- How to complete this task -
Transcribe the entries below exactly, starting with the line that has "Kohli had a" and stopping after the line that has "2022 Nissan Pathfinder"; no pictures belong in the copy.

- Record excerpts -
Segment Open

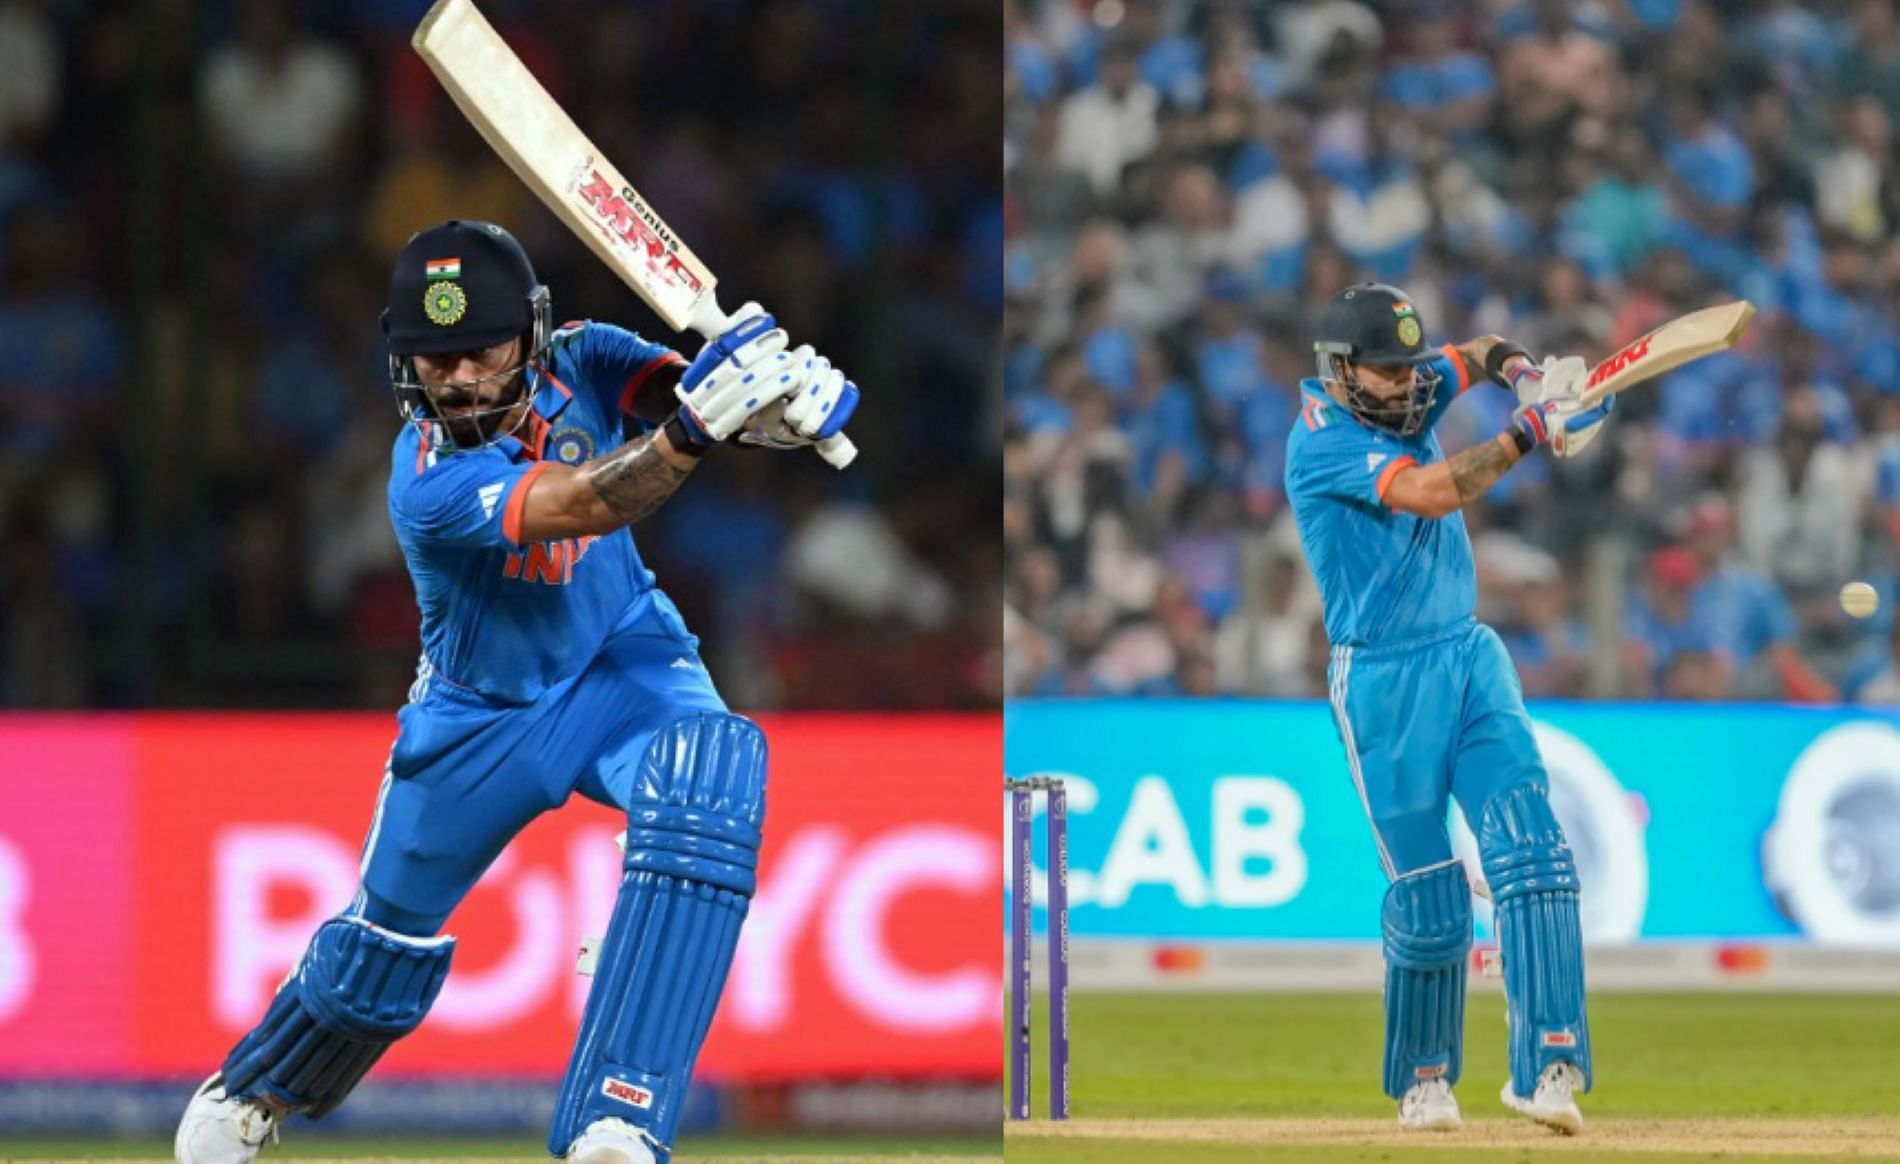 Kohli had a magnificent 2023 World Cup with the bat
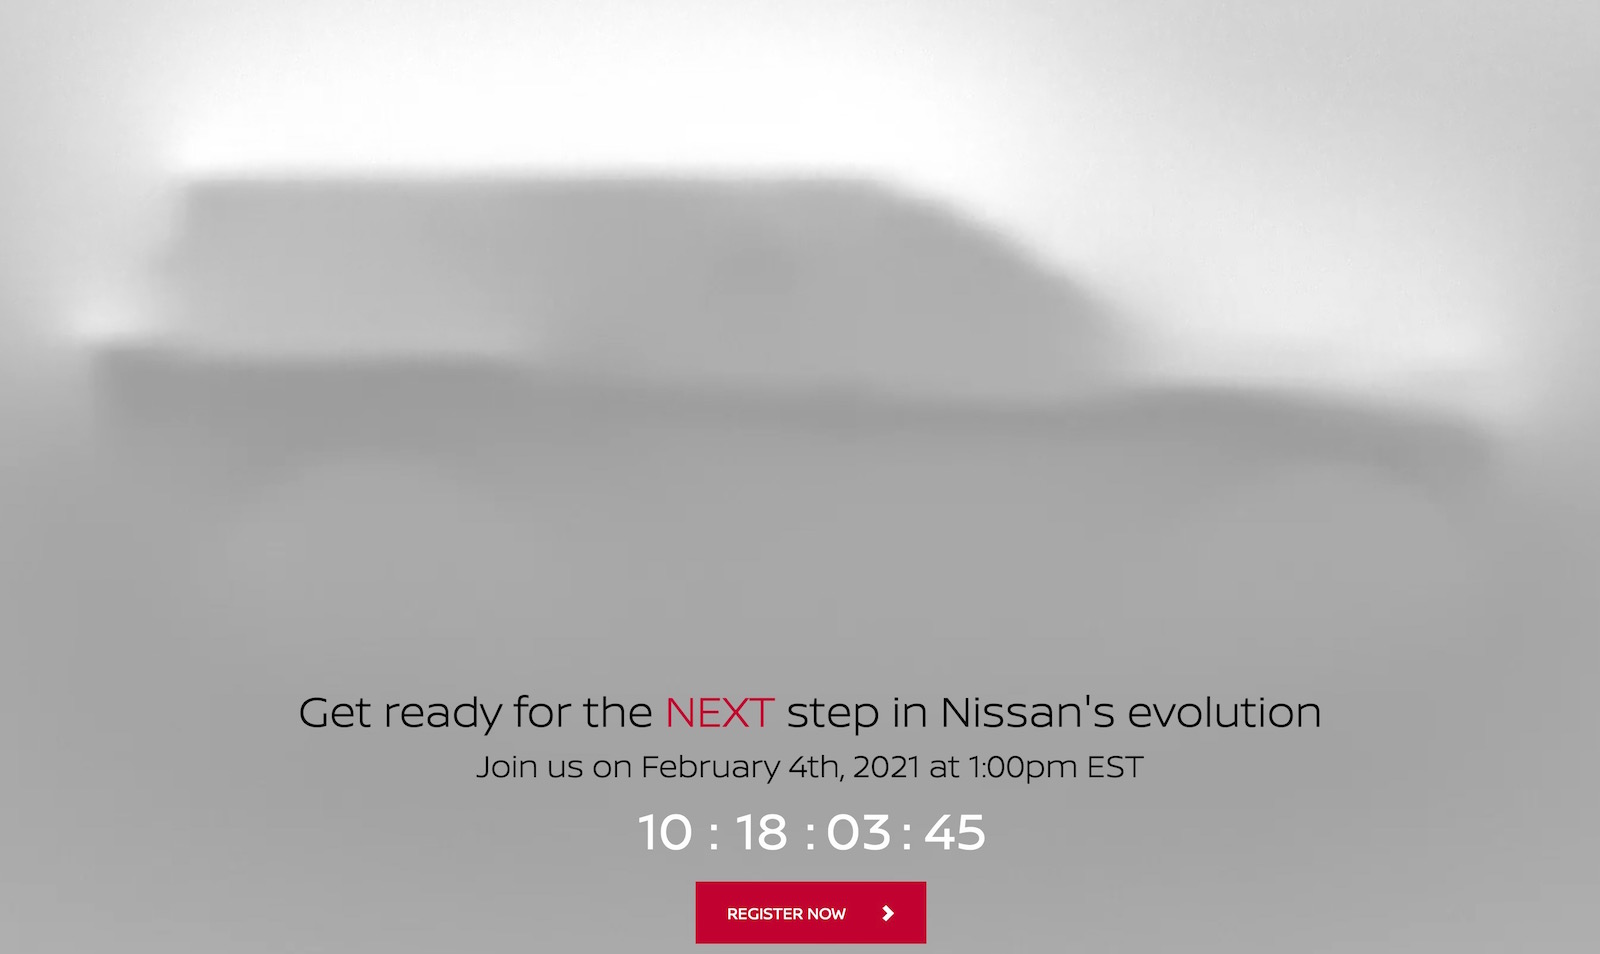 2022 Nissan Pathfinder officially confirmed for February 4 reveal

Segment Closed
Segment Open

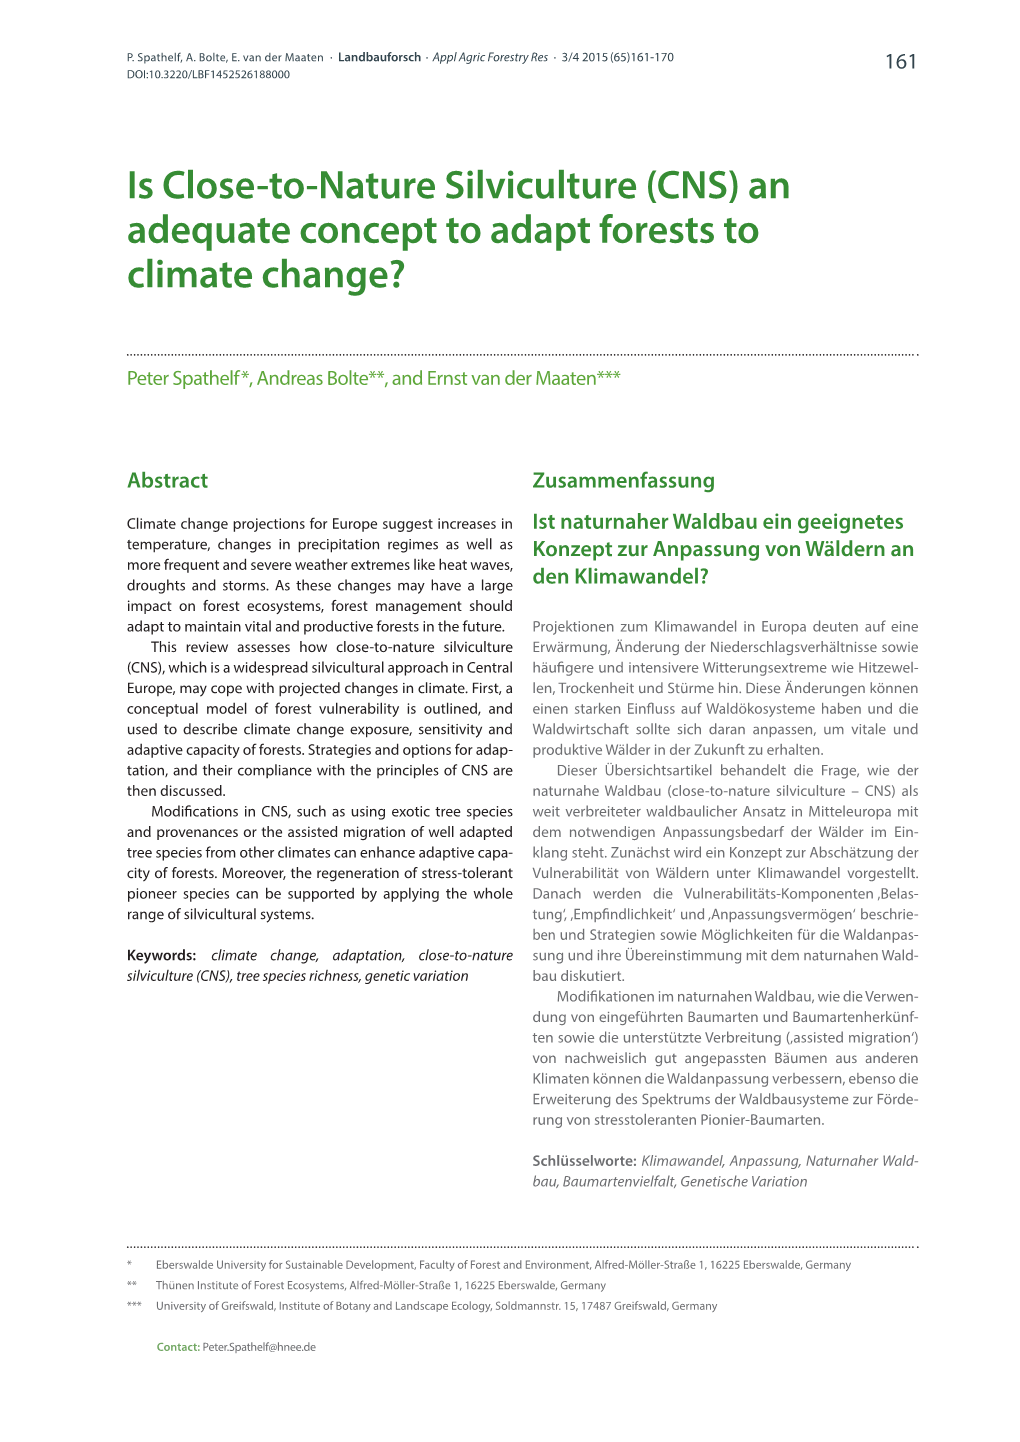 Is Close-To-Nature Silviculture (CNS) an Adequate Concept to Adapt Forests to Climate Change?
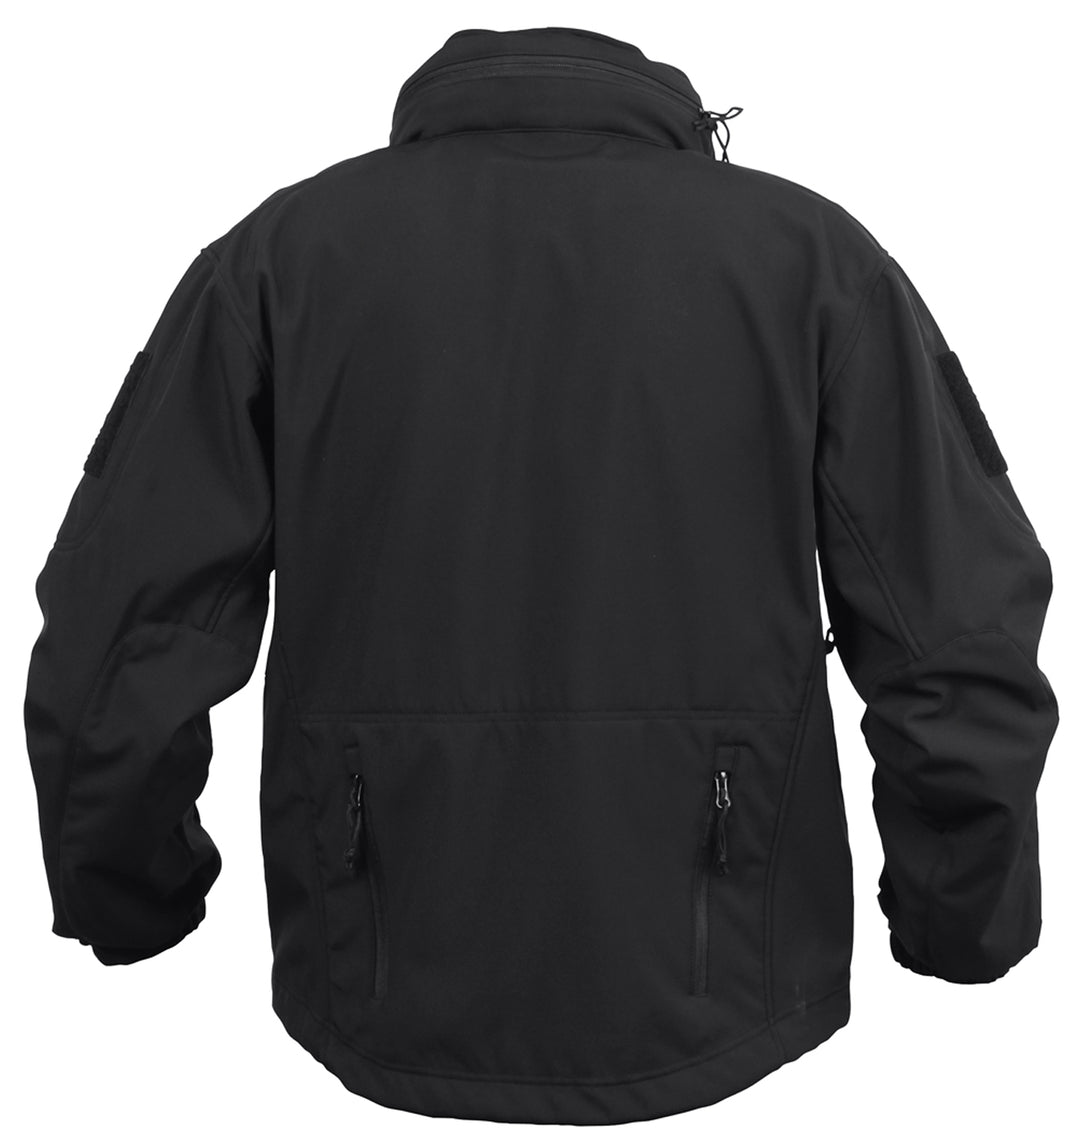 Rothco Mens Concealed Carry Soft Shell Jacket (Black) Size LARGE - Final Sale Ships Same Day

Segment Closed
Segment Open

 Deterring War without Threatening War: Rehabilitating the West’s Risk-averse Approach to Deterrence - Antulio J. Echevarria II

Segment Closed

- Solved exercise -
 Kohli had a magnificent 2023 World Cup with the bat
 2022 Nissan Pathfinder officially confirmed for February 4 reveal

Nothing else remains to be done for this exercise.